The reason I ask is because I'm not sure it's even a viable worry, but I can't shake an uncomfortable feeling concerning the situation.

Last year I experienced an instantaneous attraction to a guy I'm working with, though it never grew to any intensity because I was head over heels for my boyfriend. In fact, the very point that it didn't grow further because of my feelings for my boyfriend only solidified our relationship in my eyes.

However, a few months later my boyfriend left me to go travelling for a while, and it just so happened that I was put on an intense project with the guy at work around this time. I was missing my boyfriend and eventually concluded that the reason I was thinking about this guy so much was only because of this very reason - so when my boyfriend returned, I put the guy out of my head and continued to have a great relationship. I thought I was cured.

But several months on, it's worse than ever. We began to send personal, but not flirty emails to one another when outside of work, and my heart accelerated so fast in his presence that I couldn't bear to be near him anymore - at this point I went out of my way many times to avoid him and thus do my relationship good in the long run! Finally I bumped into him when with my boyfriend, and I introduced the two. The next day I was chatting with this co-worker about an event I'm going to that will help boost performance at work, and he asked if he could come with me - I said yes, not knowing how else to respond (also I had initially suggested my bf come with me but he said he might be travelling again). Just as I was thinking about how I'd actually started to miss this guy (since I've been avoiding him), he contacted me asking me to go to another event with him - which he said would relate to the work we're doing.

Now we're going to this thing together, and as he seems a really stand up guy who knows I have a boyfriend, surely it's nothing more than a platonic? I don't want to call it off as it's important to me to go, but I'm not sure how comfy I'd feel about it being the two of us. On the other hand, maybe he views as friends and that's why he asked me to come in the first place? And therefore I should stop freaking out and just have a good time?
Original post by Anonymous
The reason I ask is because I'm not sure it's even a viable worry, but I can't shake an uncomfortable feeling concerning the situation.

Last year I experienced an instantaneous attraction to a guy I'm working with, though it never grew to any intensity because I was head over heels for my boyfriend. In fact, the very point that it didn't grow further because of my feelings for my boyfriend only solidified our relationship in my eyes.

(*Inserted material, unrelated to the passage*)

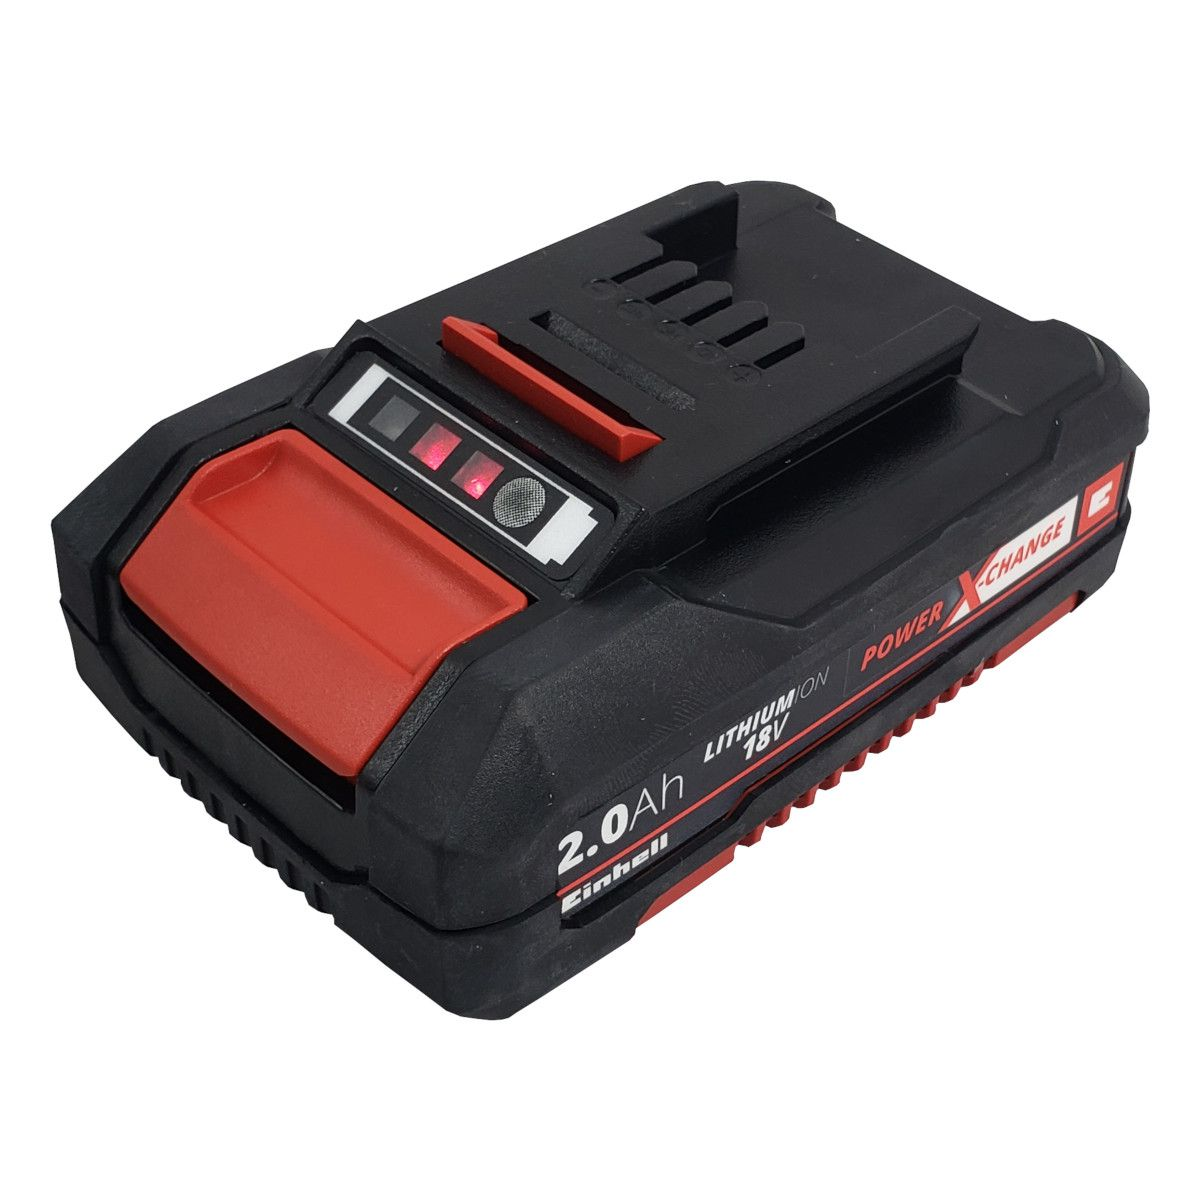 Kit Bateria e Carregador Bivolt, 18v, 2ah Einhell 4512046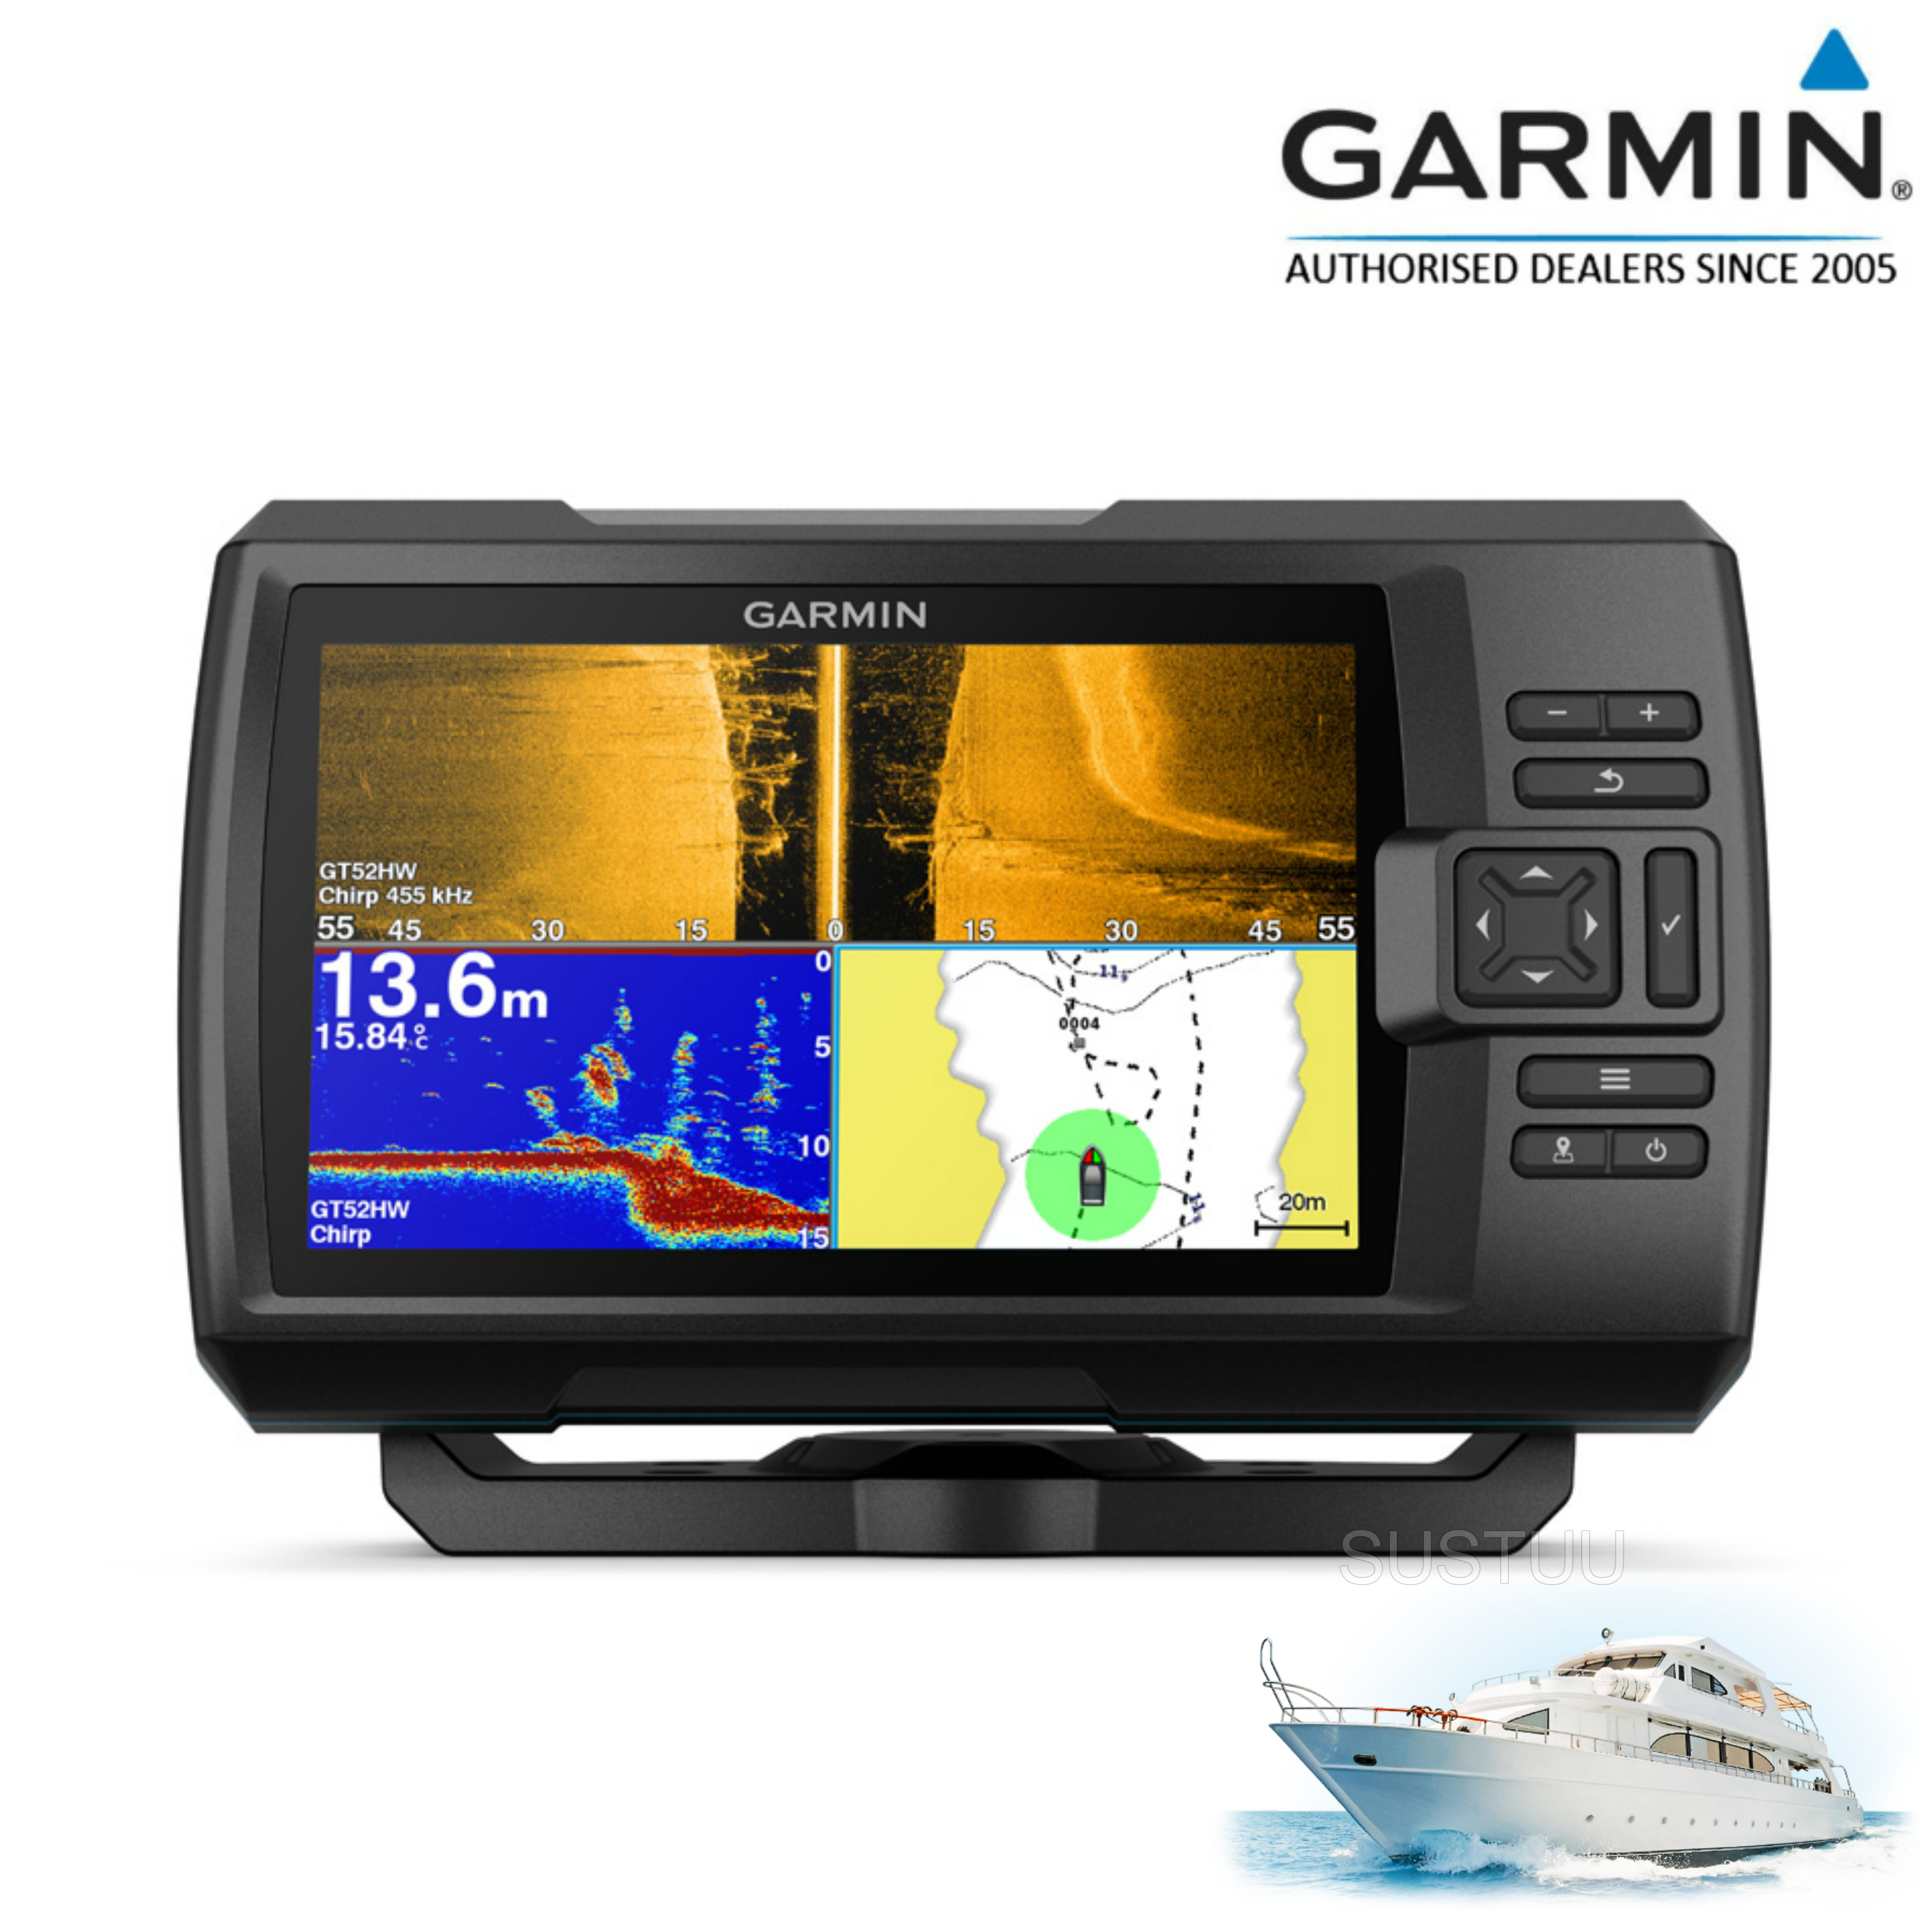 Garmin STRIKER Plus 7' Display|Transom Transducer|IPX7|GPS|Fish Finder|In Marine

However, a few months later my boyfriend left me to go travelling for a while, and it just so happened that I was put on an intense project with the guy at work around this time. I was missing my boyfriend and eventually concluded that the reason I was thinking about this guy so much was only because of this very reason - so when my boyfriend returned, I put the guy out of my head and continued to have a great relationship. I thought I was cured.

But several months on, it's worse than ever. We began to send personal, but not flirty emails to one another when outside of work, and my heart accelerated so fast in his presence that I couldn't bear to be near him anymore - at this point I went out of my way many times to avoid him and thus do my relationship good in the long run! Finally I bumped into him when with my boyfriend, and I introduced the two. The next day I was chatting with this co-worker about an event I'm going to that will help boost performance at work, and he asked if he could come with me - I said yes, not knowing how else to respond (also I had initially suggested my bf come with me but he said he might be travelling again). Just as I was thinking about how I'd actually started to miss this guy (since I've been avoiding him), he contacted me asking me to go to another event with him - which he said would relate to the work we're doing.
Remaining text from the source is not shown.